Taxidermy Museums of the Northwest
Bagley Wildlife Museum, Bagley, Minnesota
McCone County Museum, Circle, Montana
Museum of Montana Wildlife, Browning, Montana
Museum of North American Wildlife, Coram, Montana
Valley County Pioneer Museum, Glasgow, Montana
The Great Northwest, those thinly settled lands from northern Minnesota west to the Montana plains, were some of the last areas in the continental U.S. to be settled by industrialized America. The coming of the railroad, immigrant settlement, Indian wars, the retreat of the grizzly from the plains and the slaughter of the buffalo, these scenes and events that greatly altered life in the Northwest Territory have happened within the recent 150-100 years. When the last old-timer fades away, how will we remember how it was in the old days? How will we hold on to the grandness of these events and their mythological significance to the American West?
The common sight of taxidermy museums in the Northwest provides a place to visit the ghosts of those old times. Like other captured memories and mementoes, the stuffed and mounted animals are manifestations of the passage of time and incessant changing of the background world. They are signs of the inevitable disappearance of the spirit despite the stubborn resistance of the preserved body to decay. What spirit animates the buffalo when the taxidermist finishes his artwork and freezes the animal forever in time?

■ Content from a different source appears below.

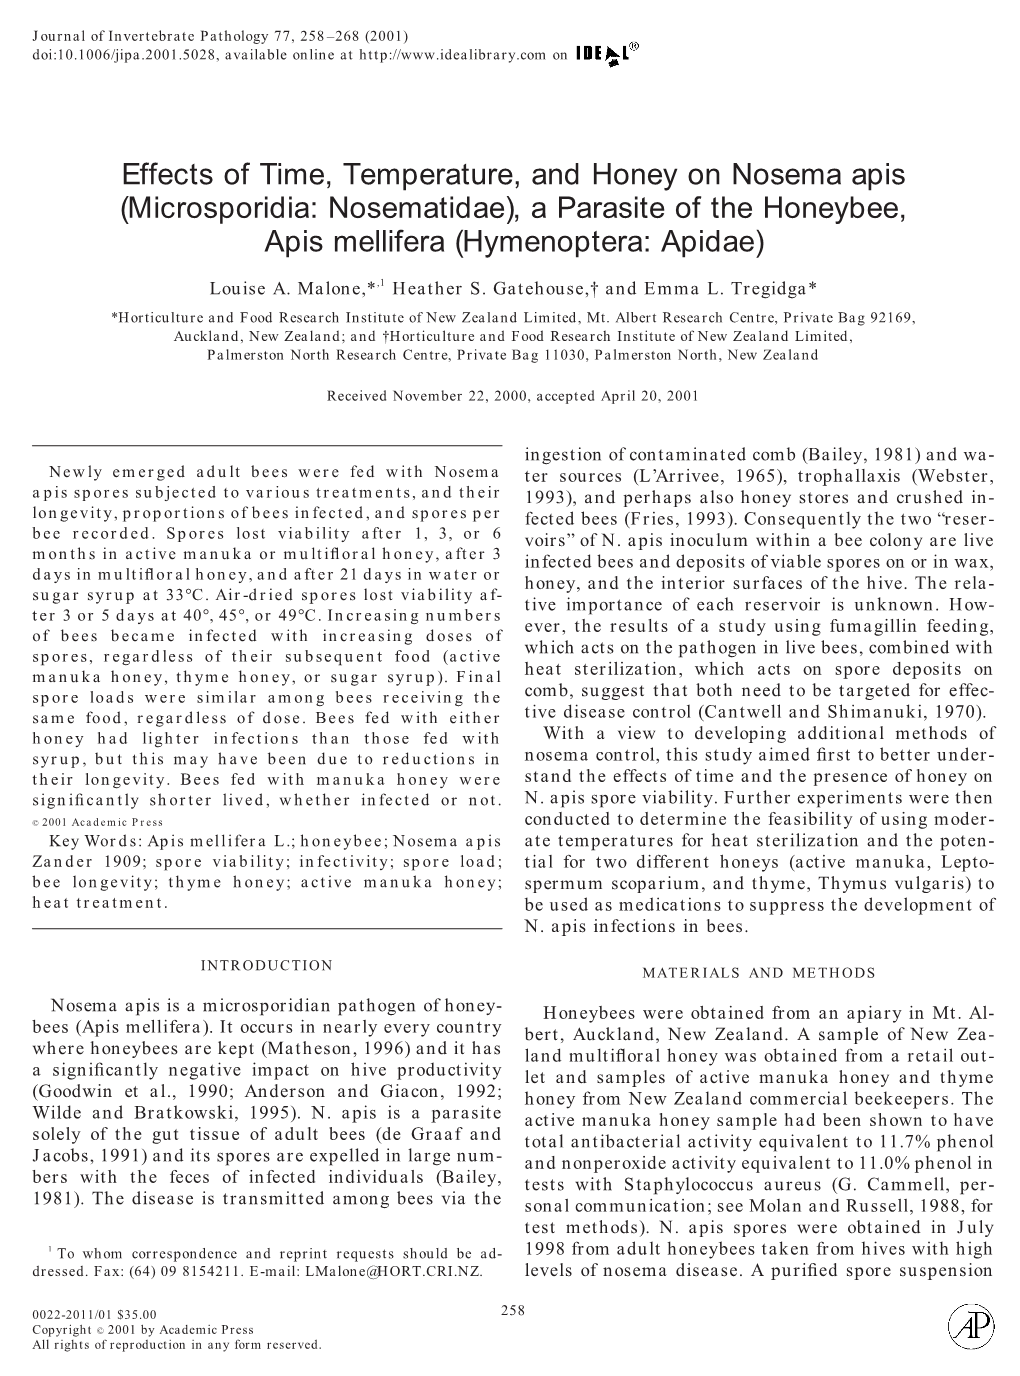 Effects of Time, Temperature, and Honey on Nosema Apis (Microsporidia: Nosematidae), a Parasite of the Honeybee, Apis Mellifera (Hymenoptera: Apidae)

In the posed and stylized relics of these afternoon tourist stops, you may glimpse a fleeting presence of this spirit of the wild west, a lingering ghost which irreversibly separated from our the live world at a moment in the not-too-distant past. The stiff skins of these animals are the singular representatives of this past. These lucky ones alone were chosen to live outside of time while their brothers and sisters rotted away long ago.